Host-side tool design

For each host-side tool:

  • Function name and signature with type hints
  • Docstring (the RLM sees this to understand how to call it)
  • What it does and why it must be host-side

Confirm the skill design with the user before proceeding.

Step 6: Strategy and Architecture

Signature strategy

Write the step-by-step strategy that goes in the signature's docstring. This is the RLM's playbook:

  1. What to do first (survey/understand the input)
  2. How to gather information (render pages, use predict() for extraction, call tools)
  3. How to process and synthesize
  4. What to produce and where to save output files

Single vs chained RLMs

Evaluate whether this needs one RLM or multiple chained RLMs.

Use a single RLM when:

  • The task is one coherent workflow
  • All steps need the same context/state
  • The iteration count stays reasonable (under 40)

Use chained RLMs when:

  • There are distinct phases with different skill needs
  • One phase produces artifacts consumed by another
  • The combined task would exceed reasonable iteration counts
  • Different phases benefit from different sub-LM models

If chaining, define each stage:

  • Stage name, signature (inputs/outputs), skills, strategy
  • The DAG: which stage feeds into which, with typed connections

Configuration

  • max_iterations estimate per RLM
  • allowed_domains if network access is needed
  • sub_lm recommendations (capability level needed)

Delivery scope

Confirm which artifacts the user wants. Do not assume evals or optimization are required for every RLM.

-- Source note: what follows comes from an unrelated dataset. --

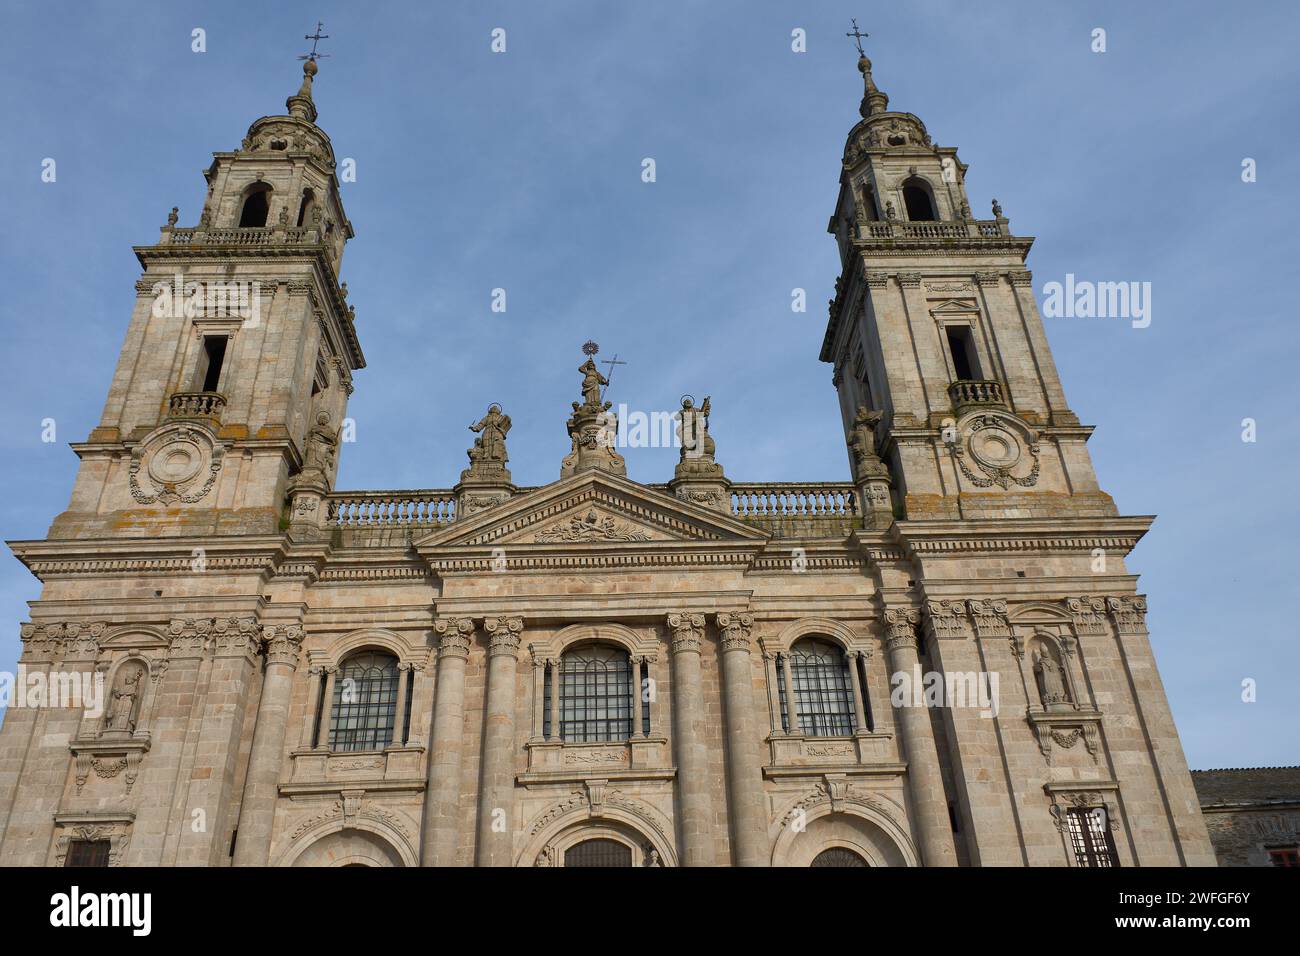 Außenfassade der Kathedrale Lugo in Spanien im Renaissance- und neoklassizistischen Stil, auch Kathedrale Santa Maria genannt Stockfoto

  • Agent only: the callable RLM package, domain skills/tools, and fast smoke tests. This is the default unless the user asks for benchmarking or GEPA.
  • Agent + evals: add a bench/ package with dataset loading, scoring, and evaluation CLI/helpers. Use this when the user has labeled examples, fixtures, or a deterministic metric.
  • Agent + optimization: add project-local RLM-GEPA wiring only when the user wants prompt/skill optimization. GEPA needs train/validation examples and a metric, but it does not require a separate held-out eval CLI unless requested.
  • Full project: agent, tools, benchmark/eval harness, and optimization wiring, like the SpreadBench example.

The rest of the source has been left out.